Listed entries -
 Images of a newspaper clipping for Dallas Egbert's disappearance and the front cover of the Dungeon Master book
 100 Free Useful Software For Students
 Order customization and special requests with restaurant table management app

--

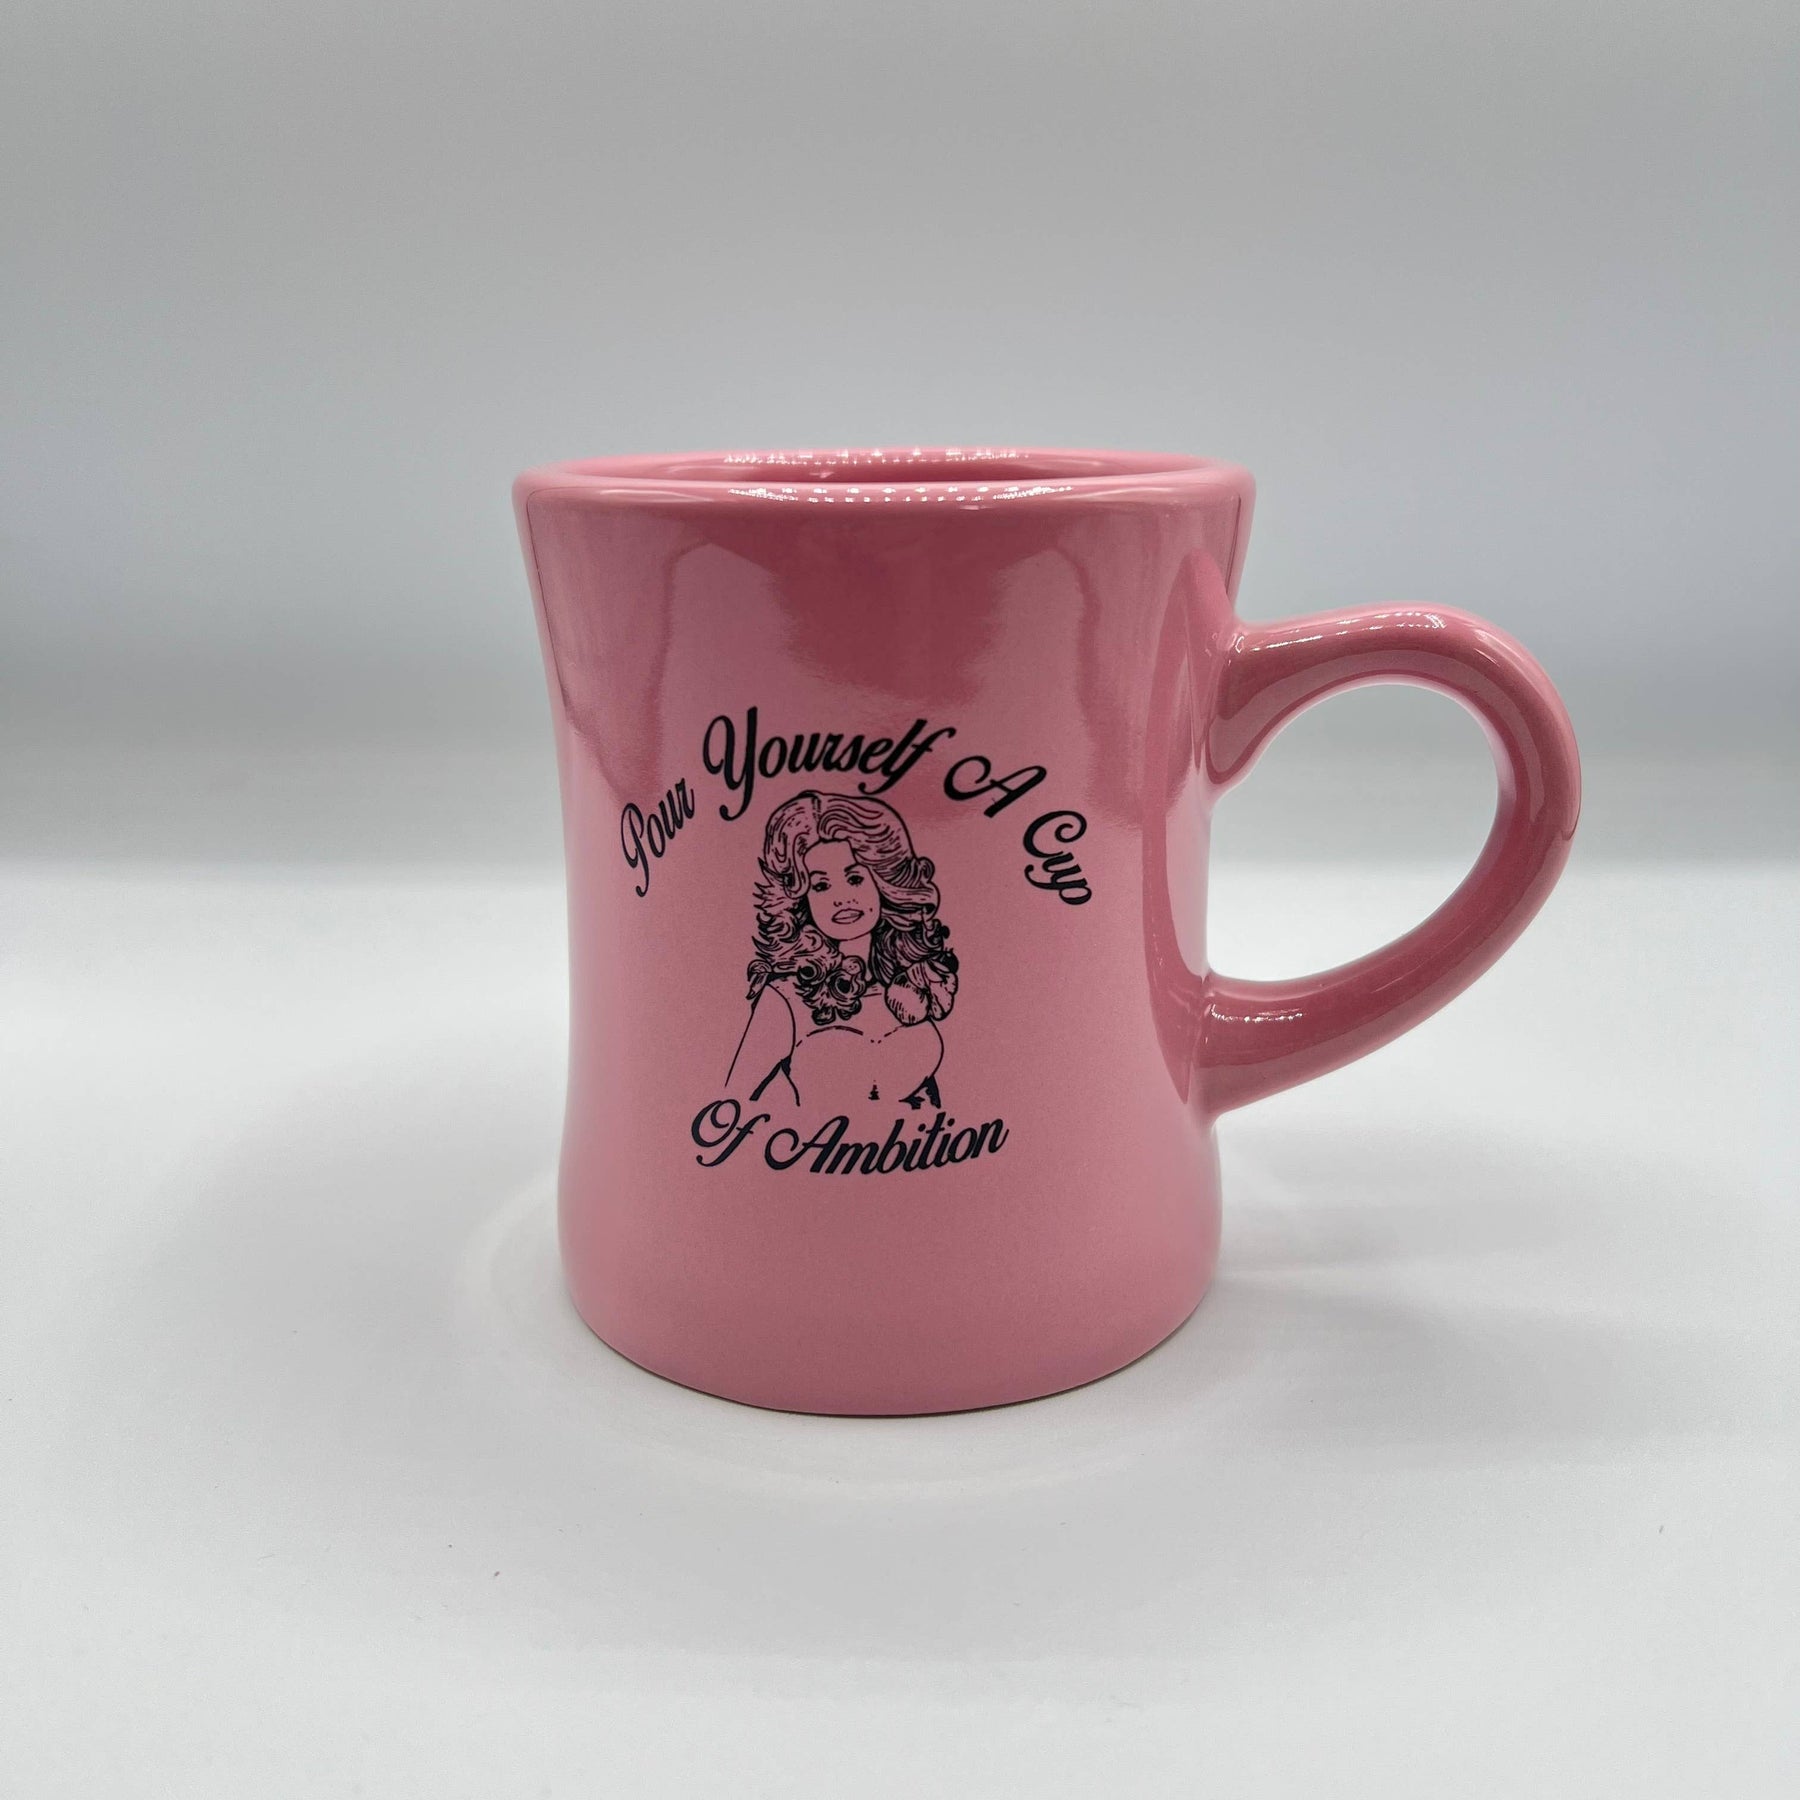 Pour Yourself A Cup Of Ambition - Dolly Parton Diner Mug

Description of the task - Output the lines above between the one holding "Images of a" and the one holding "Order customization and", inclusive, with nothing before or after them.

Your response -
 Images of a newspaper clipping for Dallas Egbert's disappearance and the front cover of the Dungeon Master book
 100 Free Useful Software For Students
 Order customization and special requests with restaurant table management app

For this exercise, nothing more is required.